Disaster recovery is more than just a glorified trash bin for accidentally deleted files. It can play a crucial role in preserving operation continuity for your business. Downtime related to a disaster impacts your productivity, and ultimately your bottom line.

Think about the amount of work your team has done today, or even this week. Now, imagine if all that work instantly vanished. You would be out a week of productivity and in for a big headache. Disaster recovery means that you can get back any work that’s lost, so no files are truly gone.

How does disaster recovery work? If you’re using a cloud file sharing server, be sure that your FTP host offers disaster recovery capabilities. With daily incremental backups, all of your current data is stored in a server separate from your primary server. If a disaster happens – like some of the ones we’ll explore below – your FTP host can restore backed up data, so you’re back to regular operations in no time.

When it comes to disaster recovery, there are two key objectives you should talk to your FTP host about:

  • Recovery Time Objective – This refers to how long it takes to restore your data and put your FTP server back in working order. For FTP Today, our plan is to give you an operational FTP server within 48 hours and to recover all your data from the latest backup as fast as technology permits.
  • Recovery Point Objective – Recovery point objective is how old the data is that you’re able to recover. For FTP Today, recovered data is usually less than 24 hours old, but it can much less, since we perform incremental backups of your data every 4 hours. You want your data backup to be as similar to the moment the disaster occurred as possible.

One important aspect of disaster recovery you should talk to your FTP host about is the location of the backup server. Many people make the mistake of backing up their data to a separate server that’s housed in the same location as their primary server. If both servers are in the same location, a disaster that impacts one – like a power outage – could definitely impact the other.

Also, if you’re using a cloud-based SFTP server, make sure that it’s a high-availability solution. This means that the FTP host uses multiple servers, so you’re quickly redirected if one goes down, minimizing the amount of time you have to wait for your solution to be up and running again.

Now that you know a little bit more about disaster recovery, let’s look at a few examples of how disaster recovery can happen.

 

Human Error

Unfortunately, human error is one of the most common causes of data loss or disasters that can cause a server outage. Whether someone accidentally clicks a “delete all” button, or a clumsy employee spills their coffee on your equipment, your employees can be a huge cause of IT disaster.
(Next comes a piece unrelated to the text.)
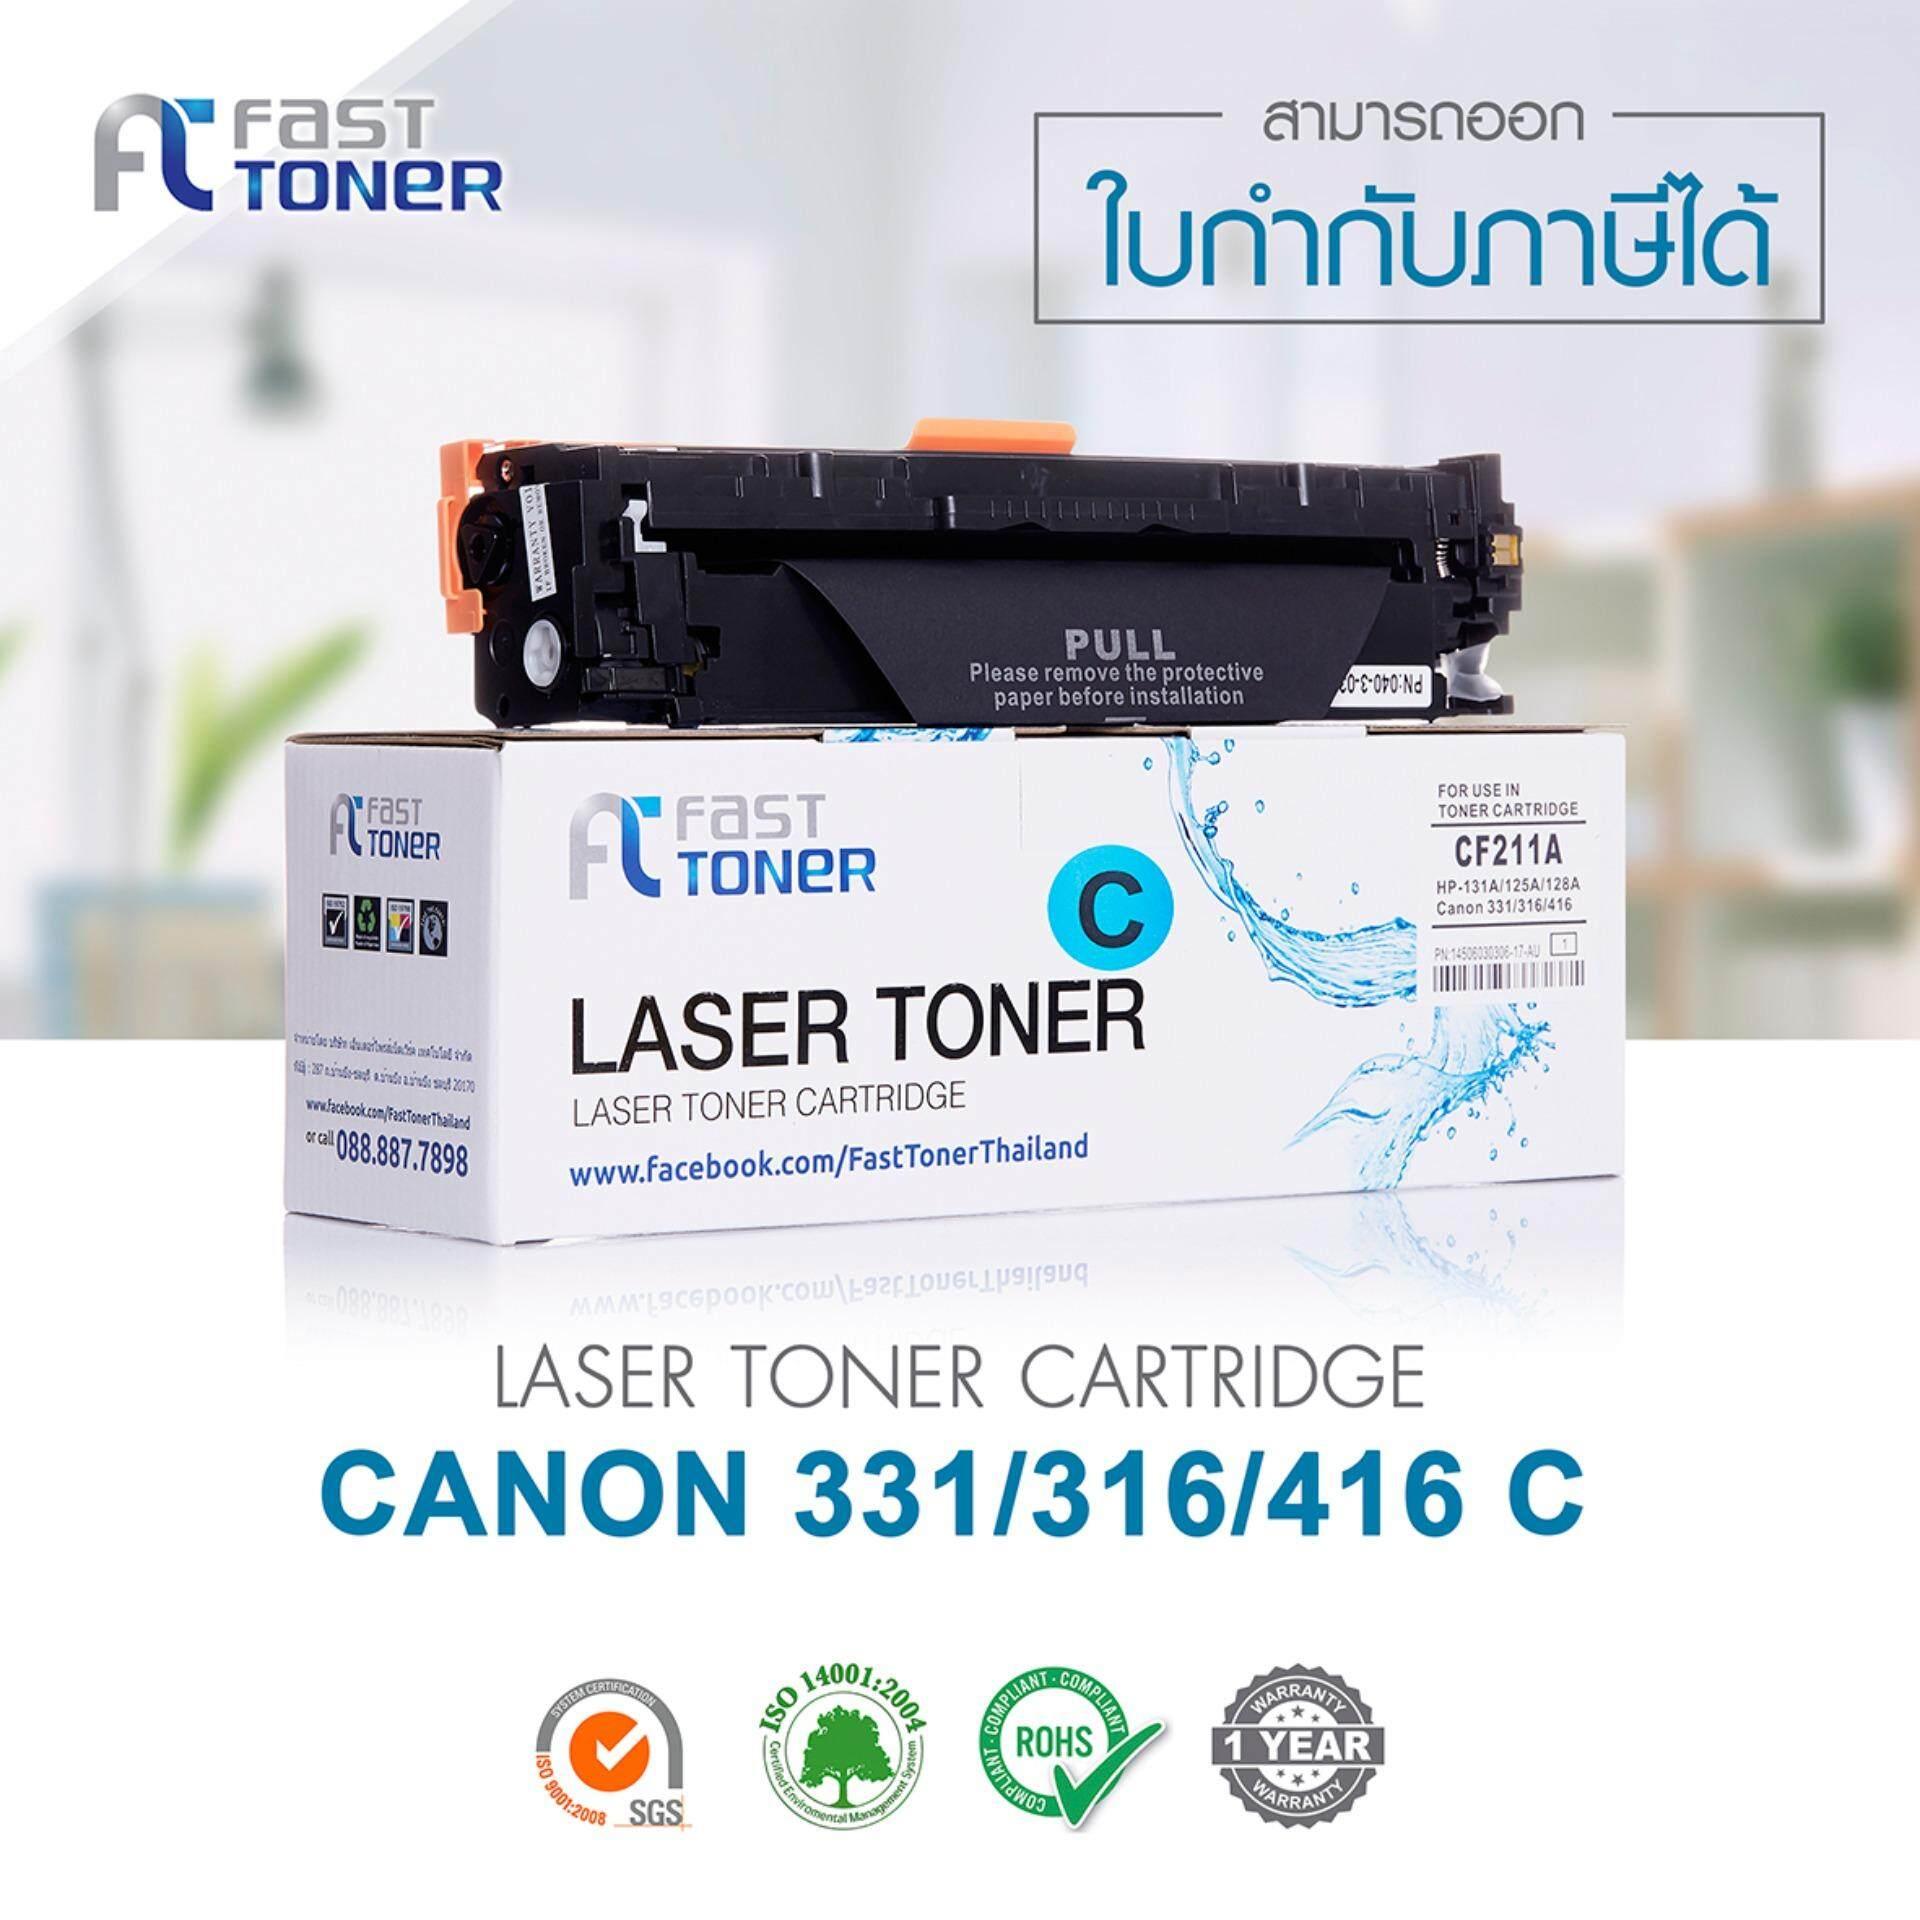 Fast Toner ตลับหมึกเทียบเท่า Canon Cartridge 331 316 416 Hp 131 125A 128A สีฟ้า สำหรับปริ้นเตอร์รุ่น Hp Laserjet Pro 200 Color M251Nw M276 Canon Laser Shot Lbp 7100 7110 Canon I Sensys Mf 8230 Canon I Sensys Mf 8280 กรุงเทพมหานคร

Even top companies aren’t immune to human error disasters. Amazon had a widespread outage of their AWS servers in 2017, causing a massive number of websites to go down. In the end, the outage was blamed on human error. Employees took more server than intended offline.

In every business, accidents do happen. Fortunately, there are a few steps you can take to avoid human error-related disasters. First, you can educate your employees on best practices. When they have an in-depth understanding of how to use your file sharing solution, they’re less likely to make those big mistakes. Also, having a cloud-based server removes some of the risk of human error disasters. A cloud file sharing solution is hosted from another location, so employees don’t have an opportunity to knock the server over or accidentally unplug it.

 

Mother Nature

Sometimes, the power just goes out! Mother nature is unpredictable, and while a huge flood is less common than human error, a simple power outage due to a thunderstorm could take you offline for hours.

If a hurricane, fire, storm, or tornado hits the location where your servers are stored, you want to be sure that you’re able to continue working as soon as possible. And, these natural disasters don’t even need to be huge, newsworthy events. They could be as simple as a raccoon chewing through a power line. It might seem ludicrous, but there’s no predicting what could happen.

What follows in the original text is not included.